All of this required a smooth functioning supply chain, especially in the provision of personal protective equipment and other vital supplies needed to operate at the forefront of the COVID-19 response.
“Unlike in my home country France, Vietnam makes virtually everything, so we had a reliable and plentiful supply of everything needed such as face masks and surgical gowns,” Guillon says. “I must admit I was a little anxious at the beginning, but our suppliers across the whole chain have been tremendous during this year.”
Such has been the success of FV’s contribution to date, COVID testing and treatment has become a key stream of revenue for the organisation, generating around five percent of turnover through August and September.
And despite the volume of testing dropping, the hospital continues to provide these services, in particular to organisations such as schools and offshore oil firms who require their staff to test negative before entering their working environment.

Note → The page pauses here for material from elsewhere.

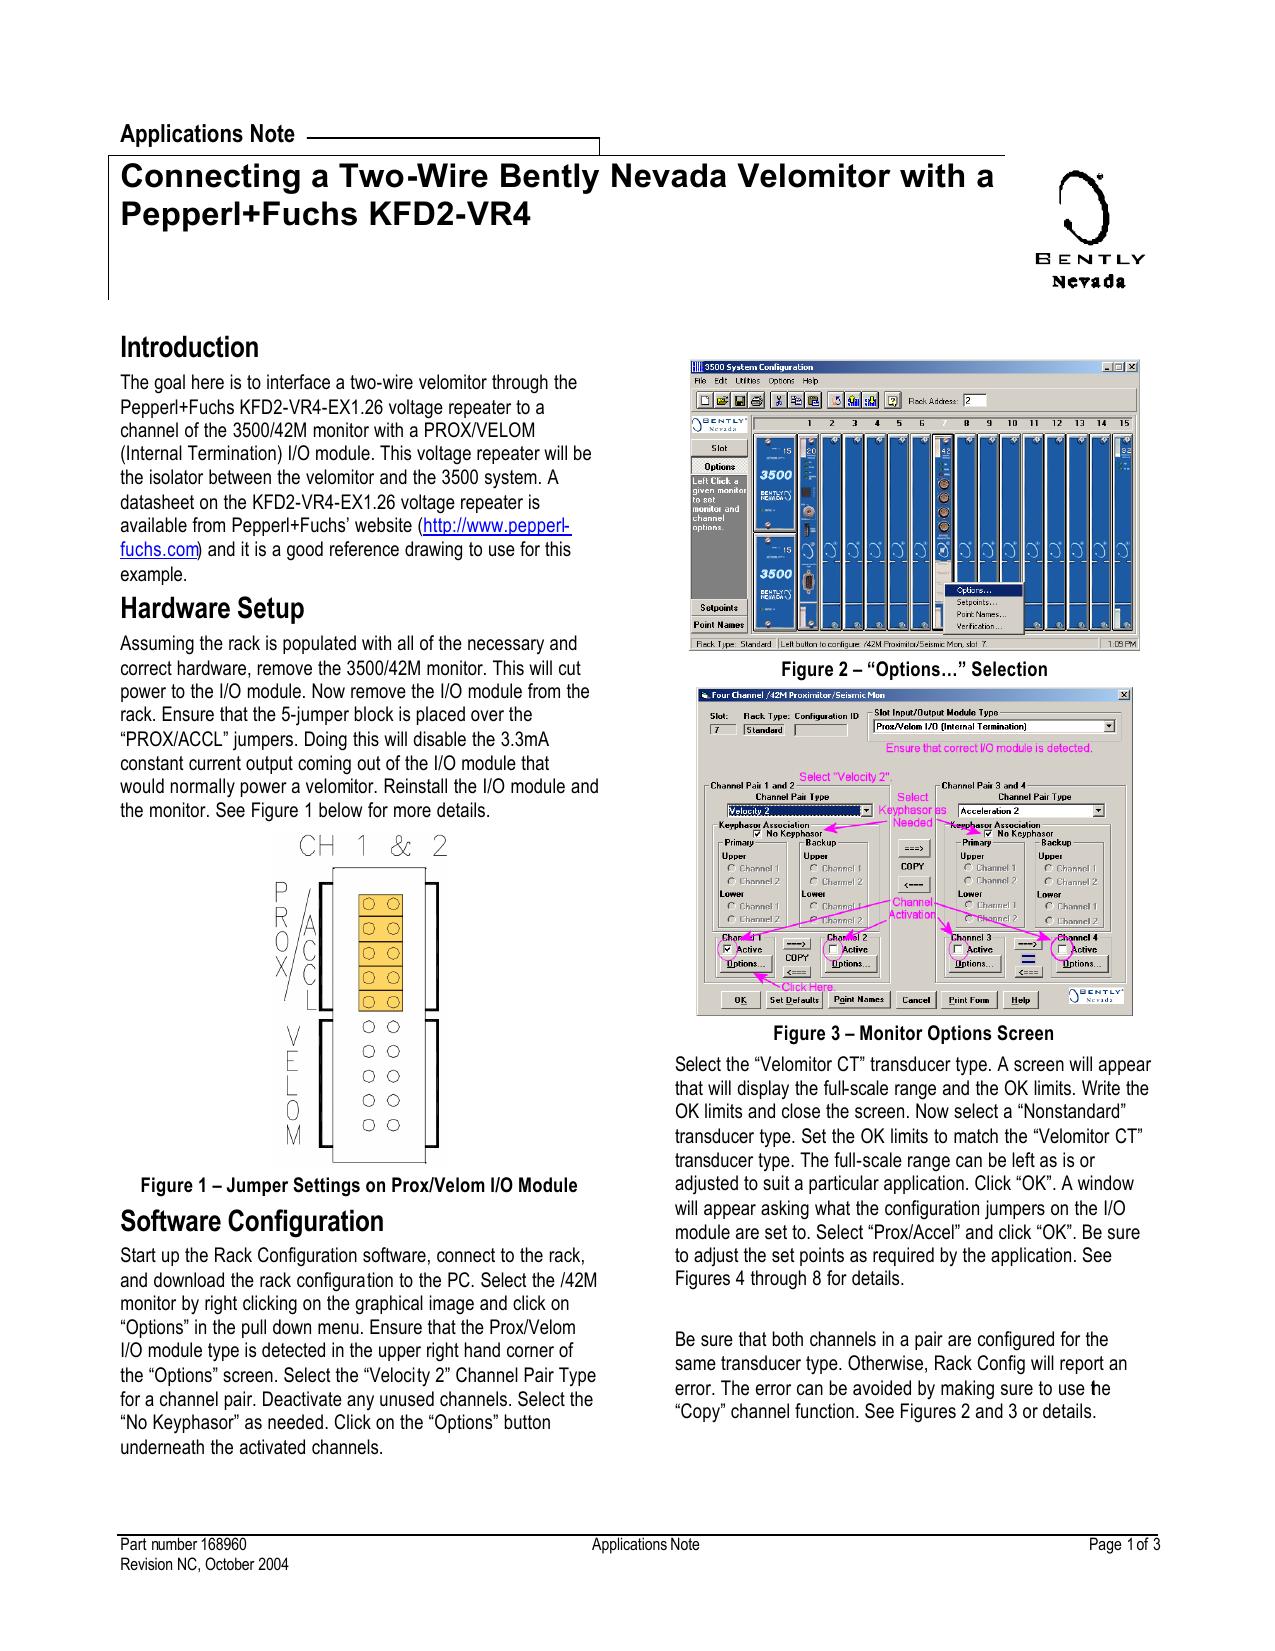 [QMVU_8575]  Connecting a Two-Wire Bently Nevada Velomitor | Manualzz | Bently Nevada Wiring Diagram |  | manualzz

“Although this has been an important revenue generator recently, we knew that our regular patients would come back, and the fact they have returned in bigger numbers is testament to how much people trust FV Hospital to treat them,” Guillon continues. “Recently we broke our record for the number of outpatients in a single day”.
“I would say we are somewhere near back to normal. We are hitting around 90 percent of our budget goals, and this is despite a complete collapse in medical tourism due to travel restrictions and border closures.
“What we have found is that more Vietnamese nationals, who may otherwise have travelled to places like Singapore, are now being treated here because they also cannot move between countries, for example patients having a diagnosis of cancer discovered that we have a cancer centre on par with those of Singapore and Bangkok and are now treated at FV.”
For instance, FV Hospital’s state-of-the-art cancer centre is busier now than it ever has been since opening in 2018, a fact which suggests that normal service is being resumed and expanded.
Guillon also reveals that some of the organisation’s renovation projects are now being put into the pipeline, the CEO is optimistic that 2021 will be a year of significantly less disruption than what this year has delivered to date, although his own travel plans may have to remain on hold.
“I do fear not being able to travel back home to Europe next year,” he says, bringing the conversation to a close.
“However, I am optimistic about the situation here in Vietnam. The government will not open up borders until it is completely safe to do so, so we will be operating in a bit of a bubble for some time – but given around 95 percent of our business comes from Vietnam nationals, we should not be too adversely impacted.
“It has been a whirlwind year, but I am excited to see what the future holds.”